I felt it was a pecuilar paper, although I did appreciate that it made you think about the techniques used rather than repeating methods blindly.
The first question threw me off to begin with (the laptop battery question) and I don't think I got full marks in that question. I used the Normal approximation, but realised after that I foolishly divided by the sample size twice, which clearly would have given a wrong answer.
I had only used the Fisher Transformation to test the correlation coefficient once while doing past paper questions, so I am happy that I spent what I thought would be wasted time knowing when to use it. My answer seemed reasonable, which is always a good thing!
I think I managed to just eek out the marks for the coin toss question in the last 15 minutes.

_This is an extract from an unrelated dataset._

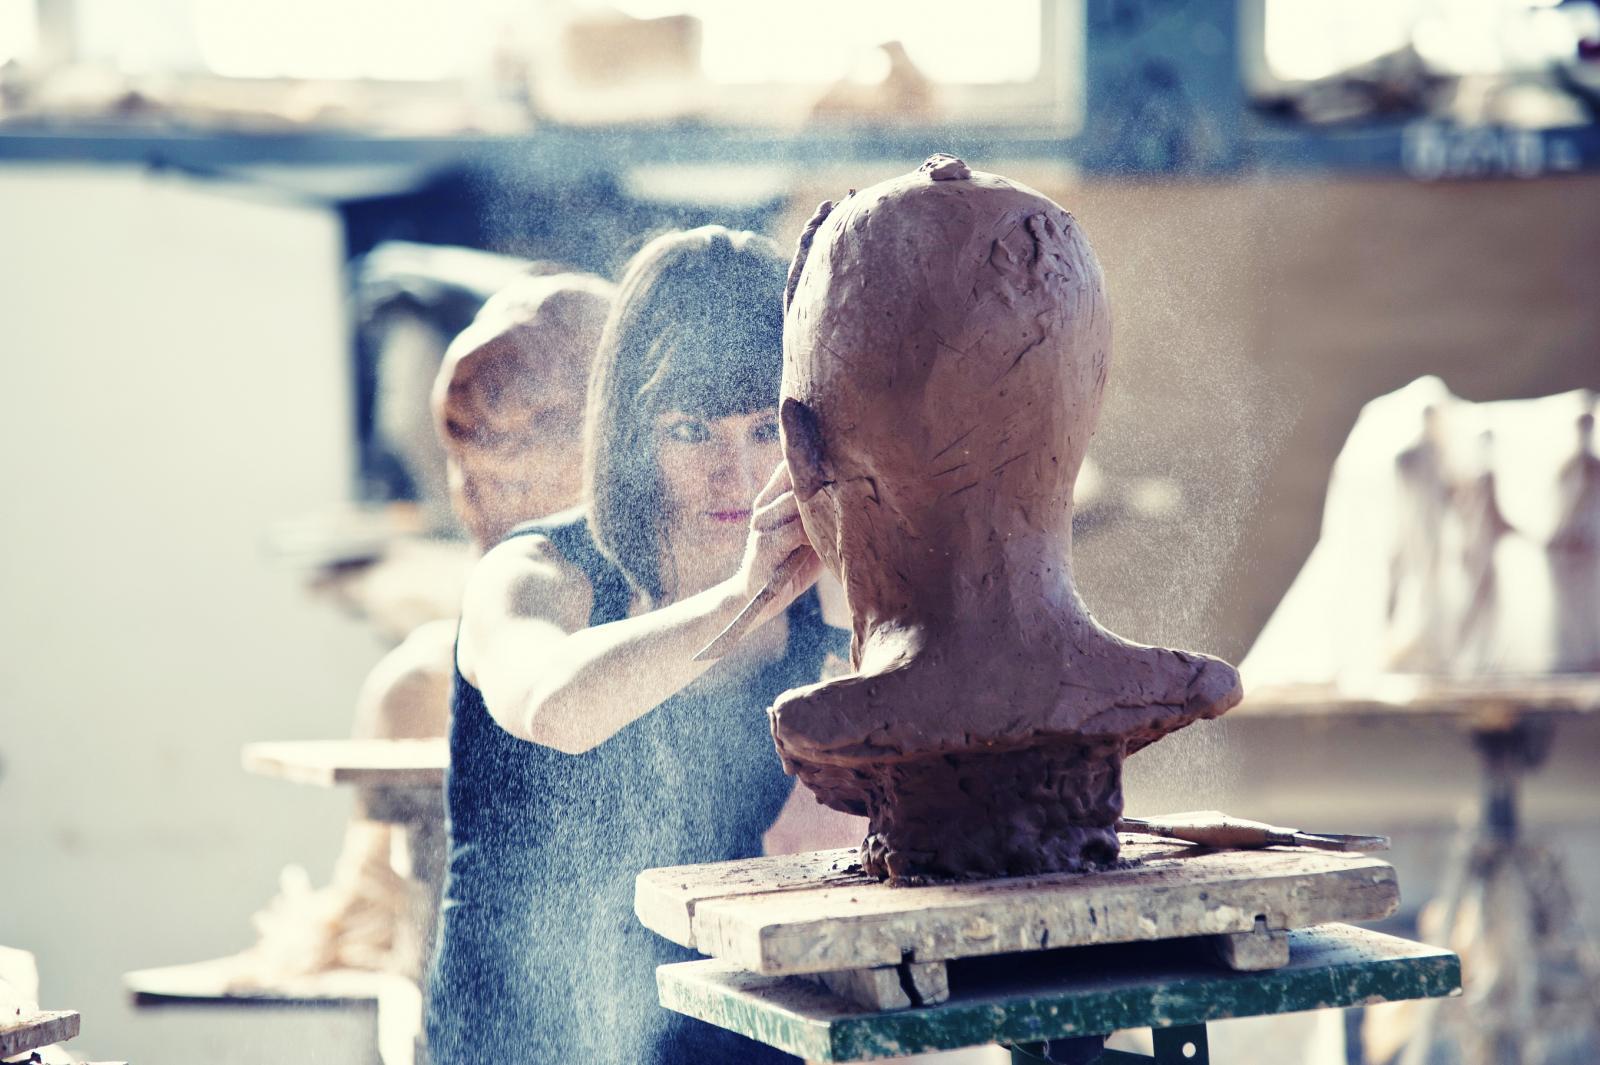 Oblikovanje gline jednako je zanimljivo i starijima i mlađima u njihovo slobodno vrijeme te je ona neodoljiv materijal za izražavanje cijeloj obitelji. Igra i rad s glinom može biti i vaša jesenska zanimacija.

The one question which really got me was the testing of the binomial parameter, p (one of the last three questions). I used the method of moments to estimate p to be 0.5, and used the chi-squared test to test the distribution. However when I read the next part, which asked us to state the effect of instead being told p=0.5, as opposed to estimating it, I didn't consider that it would mean we could include one more degree of freedom, and we could then easily accept the null Hypothesis again based on the first. And then the next part told us to test p=0.5, which made me think that I'd used the method of moments incorrectly, so I changed the labelling of my initial chi-squared test to part (iv) instead of part (ii) *shakes my head*.